CA news run down...
Regional
- Reflecting the increasing prominence of the theme of "them" and "us" and tit-for-tat arguments rather than actually discussing issues that has previously been noted by Nathan on Registan, the Tehran Times weighs in with an article entitled "Fighting for a Piece of the Pie in Central Asia".
- Similarly, the American Thinker appears to thinking in a slightly paranoid but oh-so-familiar Cold War way with its article entitled "An anti-American military confederacy may loom in Asia" calling for new thinking (please!) to stop the spectre of the SCO rising to challenge the US.
- Turkey's Zaman has a report on progress on a Turkey-Central railway, the Kars-Ahilkelek-Tiflis-Baku Railway Project, which is designed to connect Central Asia to Turkey and then on to Europe using a rail and sea combination to follow a route across the Caspian Sea.
- ReliefWeb has a report on a UNDP-funded project involving Uzbek, Tajik and Kyrgyz children designed to reduce conflict in the Ferghana Valley.
- AsiaNews has an optimistic report on the state of inter-religious relations in Central Asia, focusing on the position of the Catholic Church in Uzbekistan.
- The Zhogorku Kenesh has lifted Aidar Akaev's deputy's immunity, reports ISN. The son of the ex-president has yet to return to the republic, apparently because of fears for his safety, and he is even less likely to return now that he could face criminal charges carrying a jail term of up to 15 years. However, RIA Novosti reports that the Akaevs' laywer is planning to appeal the decision and Ferghana.ru notes that the Kyrgyz Parliament is to consider the case further.
- Development Gateway has a report on further cases on land seizures and squatting on the outskirts of Bishkek involving around 700 people on land opposite the US embassy.
- More promisingly is a report posted on Development Gateway that Bishkek is to get an additional 27 electricity substations to help ensure there is sufficient power for heating available this winter - due to coal shortages, it is anticipated that people will use electrical heating equipment instead.
- DG also has a report on plans to consider allowing dual citizenship in Kyrgyzstan in a draft of the new law "On Citizenship". It was noted that there is an increasing need to permit dual citizenship due to labout migration to Russia and also to ease the situation of the Russian minority.
- The question of the US's Ganci Airbase came up again last Wednesday, with President Kurmanbek Bakiev saying that the base can remain after the Afghan elections - originally taken as a cut-off point by the SCO - but that the Americans will have to pay more rent, according to a Reuters report.
- Rallies on varying sizes took place on Tuesday following Azimbek Beknazarov's sacking from the post of Procurator General, supposedly for authorising bail for a murder suspect contrary to regulations. A small group - around 70 - of Beknazarov's supporters rallied rallied outside the White House in Bishkek, and there were protests in his home region of Aksy as well.
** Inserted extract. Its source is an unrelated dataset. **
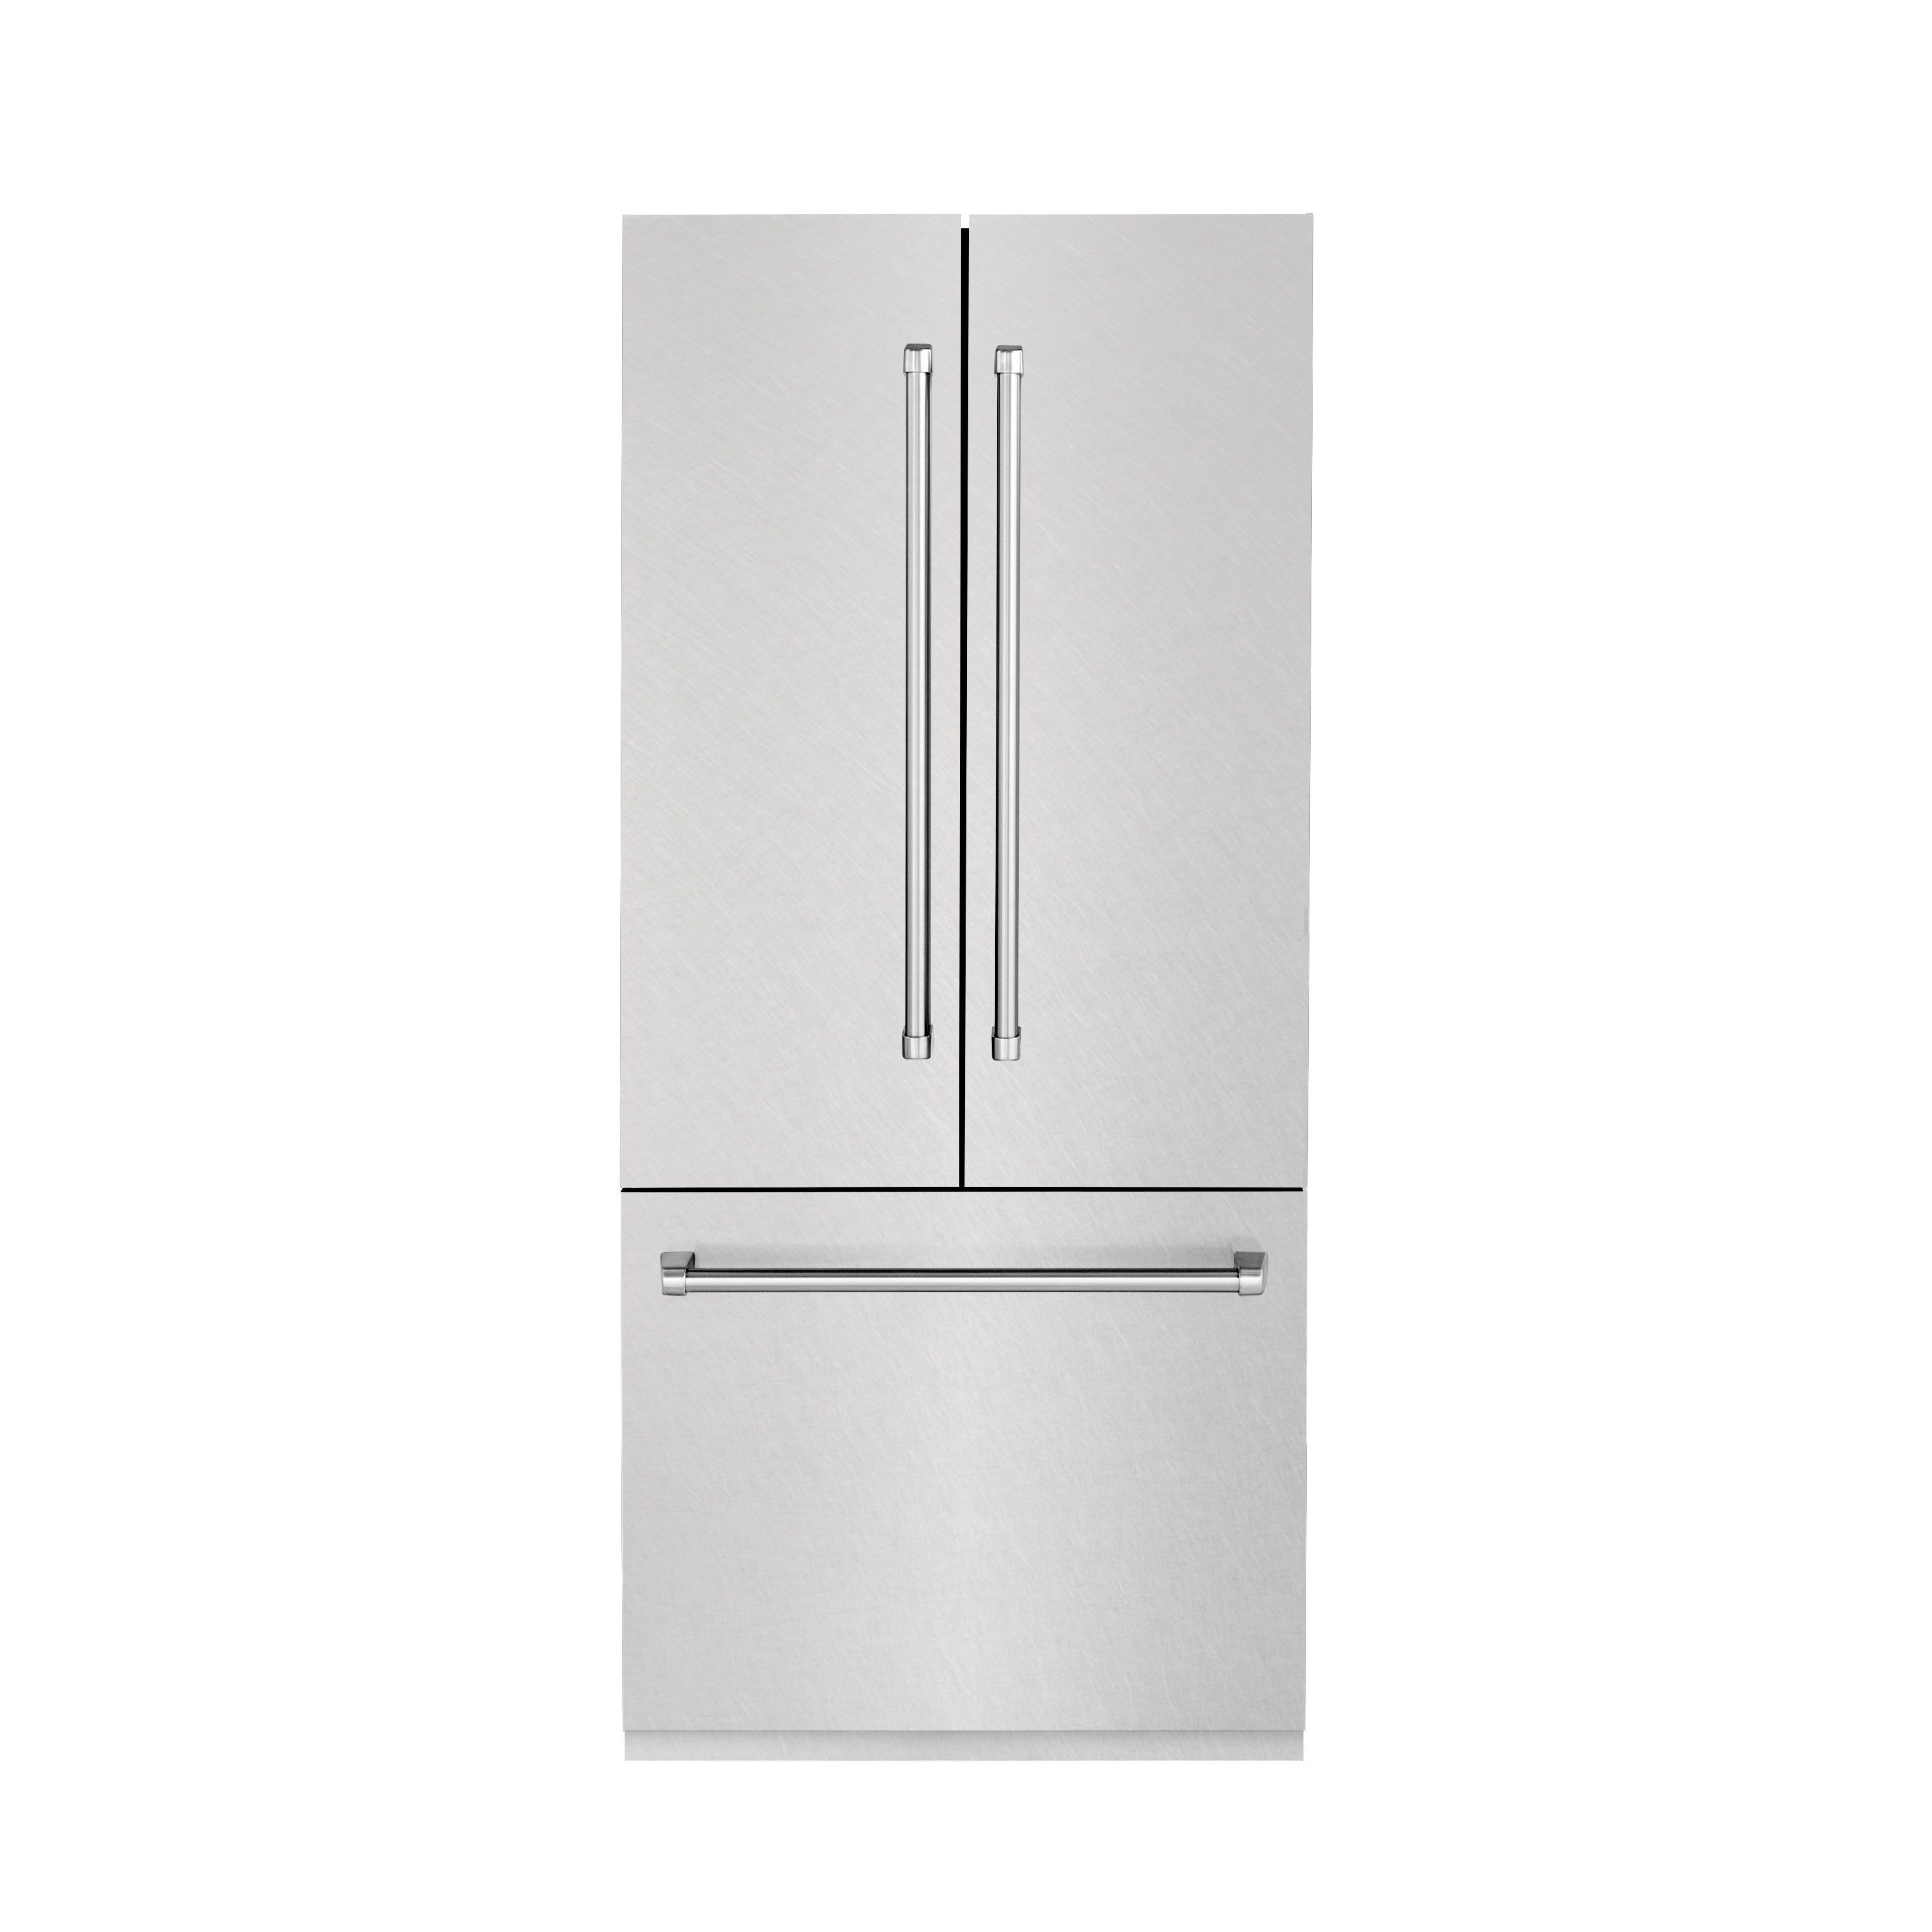 ZLINE 36" 19.6 cu. ft. Built-In 3-Door French Door Refrigerator with Internal Water and Ice Dispenser in Fingerprint Resistant Stainless Steel
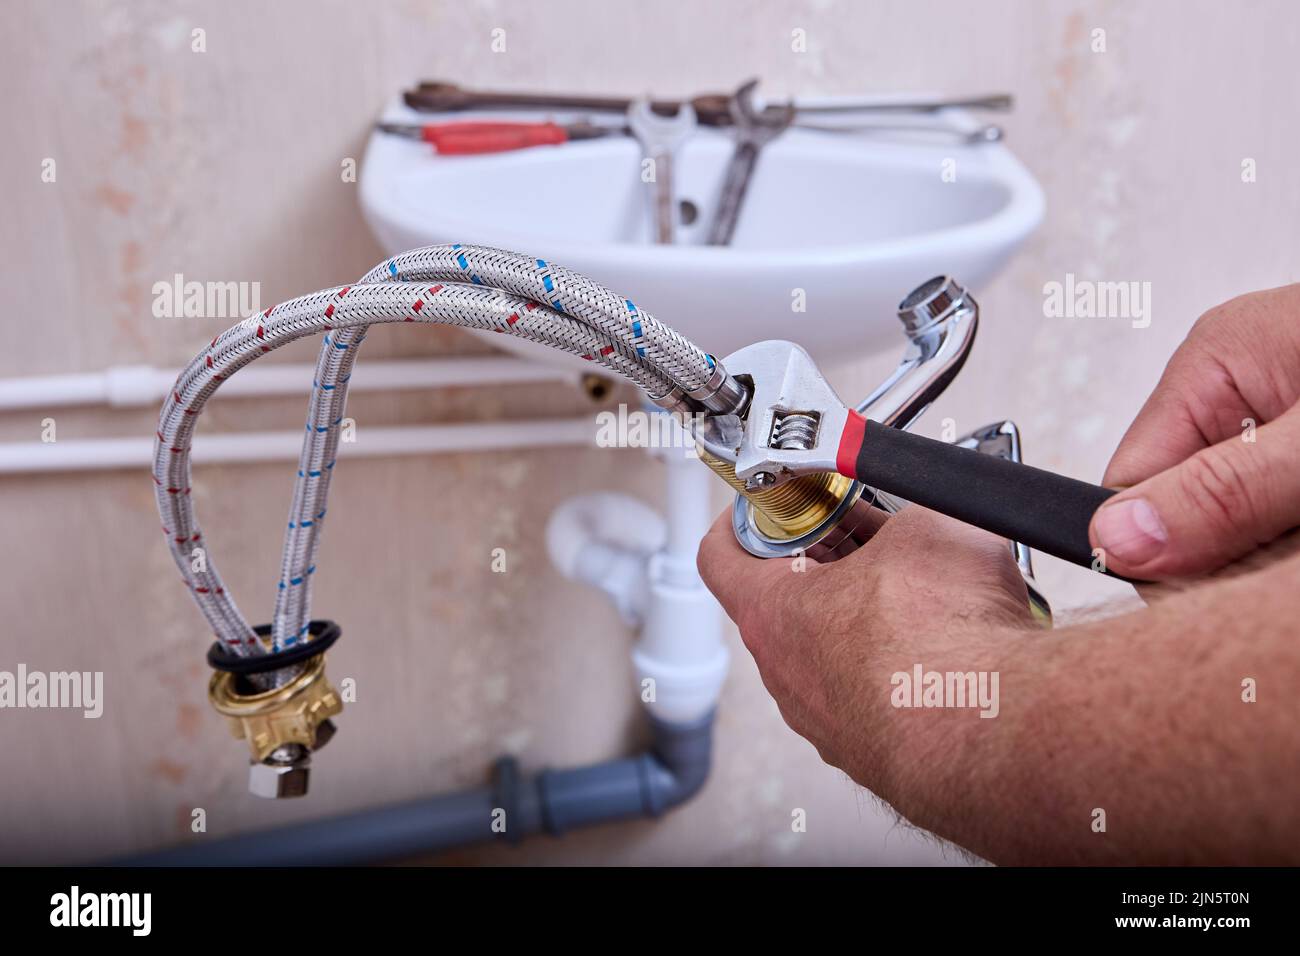 Trabajos de fontanería En el cuarto del baño, un fontanero instala un nuevo grifo de agua en el sistema de tuberías de la casa. Foto de stock

However, there were also rallies in support of the decision in Karasuu, reports Ferghana.ru, where Beknazarov was seen as defending the now-deceased deputy Bayaman Erkinbaev, thought to be responsible for the murder of Abdualim Zhunusov in a dispute over control of the town's main market.
- RFE/RL reports on Erkinbaev's assassination, which is thought to be connected to be connected to his business interests, which he himself has admitted have sometimes verged on the edge of what is legal (report in Russian only). Pravda also has a report on the killing, as does Gazeta.kg and Ferghana.ru.
- Turkmenistan.ru reports that the usually isolationist republic has been admitted to Interpol following a unanimous vote at the 74th meeting of Iterpol members in Berlin on September 21.
- More randomly, News Central Asia notes that Turkmenbashi, aka President Niyazov, has been elected an honorary member of the Bulgarian Falconry Association. Nice.
- The trial of people accused of starting the disturbances in Andijan earlier this year has begun in controversial fashion as could be expected, with many, including RFE/RL, viewing the proceedings as a Kangaroo Court of Soviet show trial proportions - the Moscow Time's report on the apparent confession of one of the defendants doesn't do much to diminish this impression either.
- Meanwhile Ferghana.ru has an interesting opinion piece arguing that the Uzbek authorities' main concern is to shut down all independent media outlets, reflecting a point of view expressed in an article in the Guardian earlier this week:
As far as official Tashkent is concerned, the role of foreign
media outlets in general boils down to proliferation of "maliciously false
information on the events, actions of the authorities and of the terrorists."
Tashkent is convinced furthermore that the informational war on Uzbekistan was
organized simultaneously with the terrorist attack.